BD, bipolar disorder; CAD, coronary artery disease; CD, Crohn's disease; HT, hypertension; RA, rheumatoid arthritis; SNP, single-nucleotide polymorphism; T1D, type 1 diabetes; T2D, type 2 diabetes.
To place these results in the context of previous studies, we defined three categories of eQTL-associated disease candidate genes. Genes in category A are those where expression change has already been related to the relevant disease. Those in category B are cases where the eQTL candidate gene has already been proposed as disease involved, usually from a GWA study, but an expression mechanism has not previously been suggested. The genes in category C are those that have not previously been proposed as disease relevant. (Genes in the strong LD immune protein region on chromosome 6 are not included because of ambiguous candidate gene assignments.) Table 4 shows the number of loci with genes in each category for each disease. Only 15 disease candidate genes have a previously proposed expression mechanism. There are 94 genes in category B—previously disease-associated genes where we have now identified a putative expression mechanism. False positives are most likely to be in category C, but we do expect that a substantial fraction of these new disease candidate genes will turn out to be correct. As illustrated below, in some cases, the new candidates are supported by circumstantial evidence of biological relevance.
Table 4.
Category | BD | CAD | CD | HT | RA | T1D | T2D |
---|---|---|---|---|---|---|---|
A | 1 | 4 | 4 | 0 | 1 | 2 | 3 |
B | 21 | 12 | 38 | 3 | 12 | 9 | 4 |
C | 25 | 23 | 67 | 8 | 26 | 35 | 14 |
Category A genes are those where an expression mechanism has previously been suggested and the new analysis supports that finding. Category B genes are those where the disease candidate gene has previously been suggested and we have now identified a putative expression mechanism. Category C genes are those where the expression-related candidate genes have not previously been suggested as disease relevant.

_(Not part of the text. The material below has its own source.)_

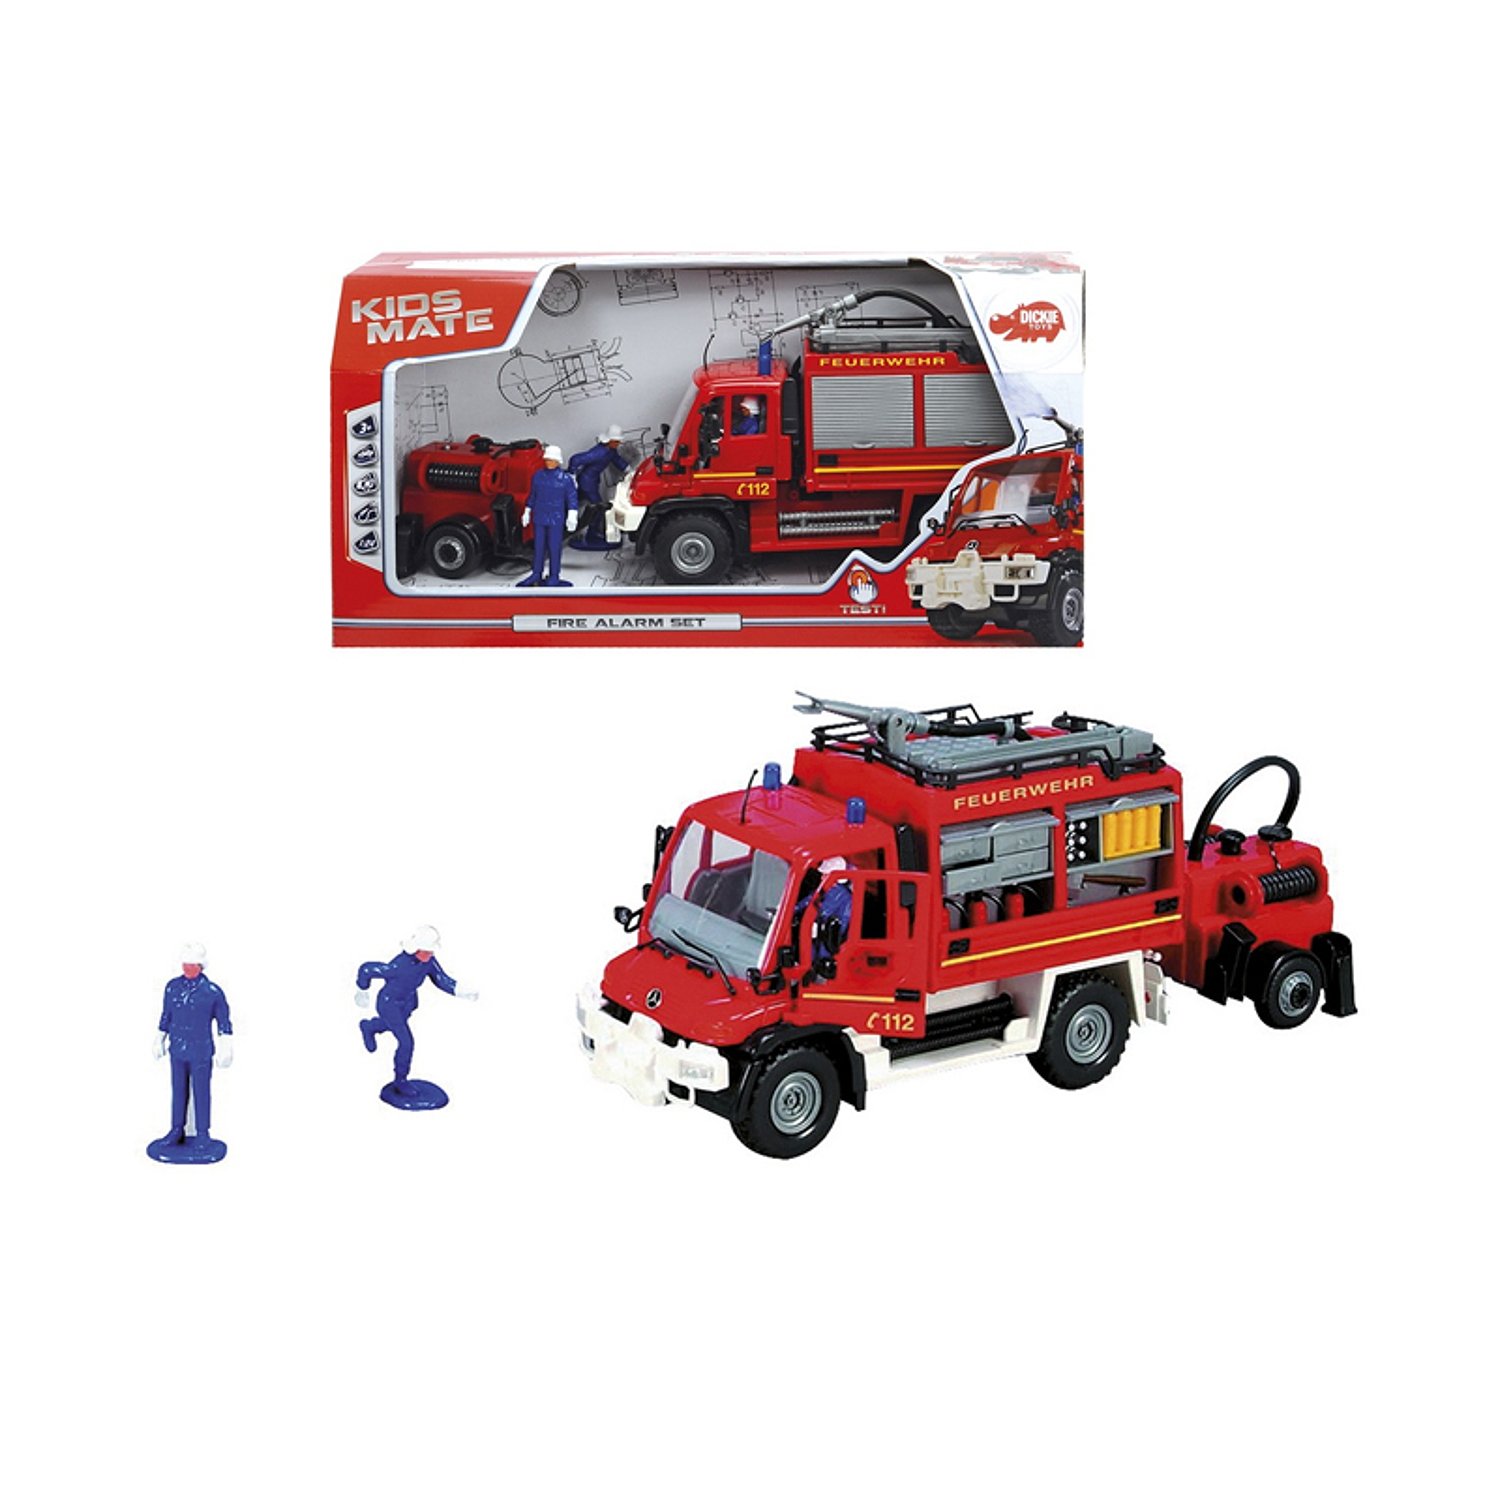 Купить игрушку пожарный. Пожарный автомобиль Dickie Toys 3444823 34 см. Пожарная машина Dickie Toys "Magirus". Пожарная машина игрушка Dickie. Машинка Dickie Toys Multicar City worker (3825002) 1:24.

Examples of disease-associated eQTL relationships
GALNT4 and hypertension
A marker SNP, rs2681472, on chromosome region 12q21.3 is significantly associated with HT in European origin and East Asian populations (Cho et al., 2012; Hong et al., 2010) and these GWA studies have proposed the ATP2B1 gene (ATPase, Ca++ transporting, plasma membrane 1) as a nearby candidate gene for involvement in HT. A recent study has shown that ATP2B1 is involved in calcium homeostasis related to essential HT (Hirawa et al., 2013). From our eQTL analysis, we found no eQTL SNPs in this region associated with ATP2B1 expression. However, two studies (Grundberg et al., 2012; Zeller et al., 2010) included in the integrated set have several SNPs that are within 0.005 cM of the disease marker and that are significantly associated with the expression level of another nearby gene, GALNT4 (polypeptide N-acetylgalactosaminyltransferase 4). Although there is no GWA study showing an association between GALNT4 and HT, one recent GWA study suggested that GALNT4 plays a causal role in susceptibility to atherosclerosis related to high blood pressure (Erbilgin et al., 2013). N-acetylgalactosaminyltransferase 4 is thought to be involved in endothelial–platelet interactions by O-glycosylating the threonine residues of the P-selectin glycoprotein ligand (PSGL-1) (Erbilgin et al., 2013). Thus, the underlying mechanism in the 12q21.3 region associated with HT likely involves altered expression of GALNT4.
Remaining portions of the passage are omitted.